Texas swings from conservative to very conservative every two years. The turnout is higher when there is a presidential race on the ballot, and the state's Republicans are a little less dominant those years.

Signs greeting early voters are shown in October 2014 outside the Lakeside Activity Center in Mesquite.

Texas has two electorates. One votes in presidential election years, and the other votes in gubernatorial election years. They are not the same.

The turnouts are different, and so are the results. Turnouts drop when governors are the most-talked-about races on the ballot. And the state’s Republican voters are more dominant in those years.

In the last two presidential elections, the average Republican on the statewide ballot — the races for president and statewide offices — got 54.4 percent.

In the last two gubernatorial election years — 2010 and 2014 — the average Republican running statewide got 59.9 percent.

The averages for Democrats in those elections are the flip: They do better in presidential years, getting 42.6 percent, and worse in gubernatorial years: 36.7 percent.

It doesn’t matter much at the top, or hasn’t for the last 20 years: Democrats last won a statewide race in Texas in 1994. But it matters downballot, especially in the handful of districts that are winnable by candidates of either party.

The craziest example is the 23rd Congressional District, which changes hands every time the voters are brought in — largely because the electoral swings in the big races bleed into the results across the rest of the ballot. The district, which stretches from San Antonio to El Paso, went Republican in average statewide races in 2014 by a margin of 13.4 percentage points. It was a bad year for Democrats. As with the other numbers, that’s only counting races that included candidates from both major parties, which weeds out the lopsided contests like those with only Republican  and Libertarian candidates.

In 2012, the average statewide Republican had only a 2.9 percentage point advantage — a bad year for many Republicans. And it wasn’t an unusual pattern: two years earlier, a gubernatorial year, it was 14.2 percentage points. In 2008, Democrats had a 5 percentage point advantage in that district.

It showed in the results. Last year, Will Hurd, R-San Antonio, won. In 2012, it was Pete Gallego, D-Alpine. In 2010, Francisco “Quico” Canseco, R-San Antonio. In 2008, Ciro Rodriquez, D-San Antonio.

It’s one of the oddest places in American politics, where incumbency is virtually meaningless.

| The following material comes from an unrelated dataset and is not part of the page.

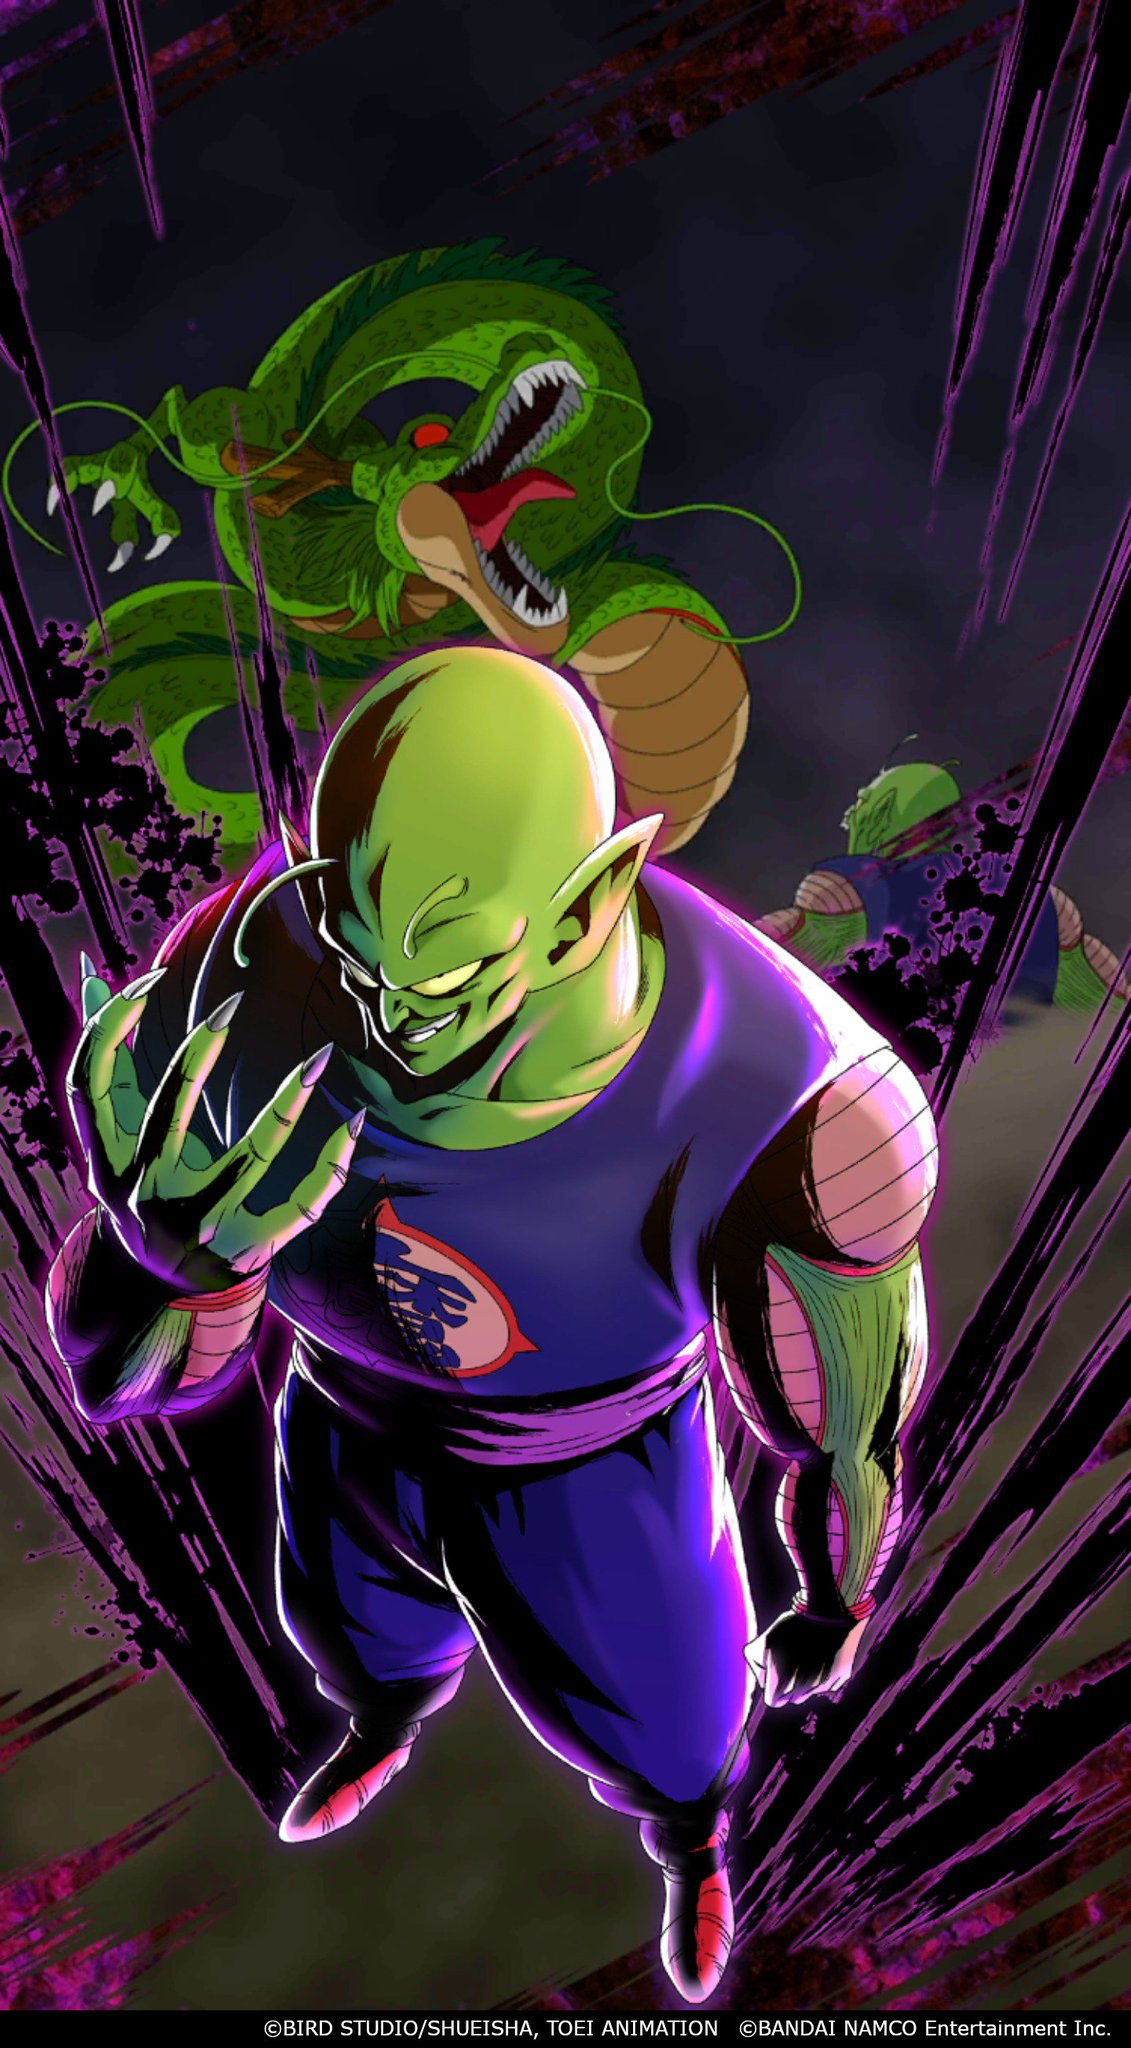 DRAGON BALL LEGENDS - [Balance Notes] <EX Demon King Piccolo (PUR)> ・Overall stat buff ・Z Ability PUR buff strength will be increased from Limit Break 5 on ・New Unique Ability [Team (

When the winds at the top of the ballot are blowing like that, it’s hard on less prominent candidates, who rely on the turnouts generated by the big contests that get most of the public attention. Straight-ticket voting — where voters pull the lever for one party’s candidates instead of individually picking races— make it even more important.

In each of the last two presidential elections, November turnout in Texas has topped 8 million. In the last two gubernatorial years — 2010 and 2014 — it was 4.98 million and 4.73 million.

Those bigger electorates are still Republican, but they are less Republican than the small ones. And the numbers filter into the district races. In CD-23, for instance, 80,269 more people voted in 2012, a presidential election year, than in last year’s election where the Greg Abbott/Wendy Davis race was the biggest thing on the marquee.

That was a 40.5 percent drop in turnout, accompanied by a partisan swing of more than 10 percentage points toward the Republicans in the lower turnout contest. And it’s just one example. The biggest turnout drop in any of the state’s 36 congressional districts was in CD-16, where U.S. Rep. Beto O’Rourke, D-El Paso, is the incumbent. The turnout there dropped 53.3 percent from 2012 to 2014, to 73,641 votes from 157,723.

Luckily for O’Rourke, that’s a safely Democratic district. But the electorate isn’t the same, even there: The average Democrat running statewide in the last two presidential years got 63.5 percent in his district, while the average in the 2010 and 2014 gubernatorial years was 56.1 percent.

Some Democrats, even in that party’s strongholds, only vote in the big federal elections.

The regular caveats apply: Past results don’t predict future returns, either in turnout or partisan complexion. But by the numbers, the year ahead will be a weaker (but still strong) year for the Republicans in Texas and a stronger (but still daunting) one for the Democrats. And the turnout in the general election will probably be, as one presidential candidate might put it, HUUUGE.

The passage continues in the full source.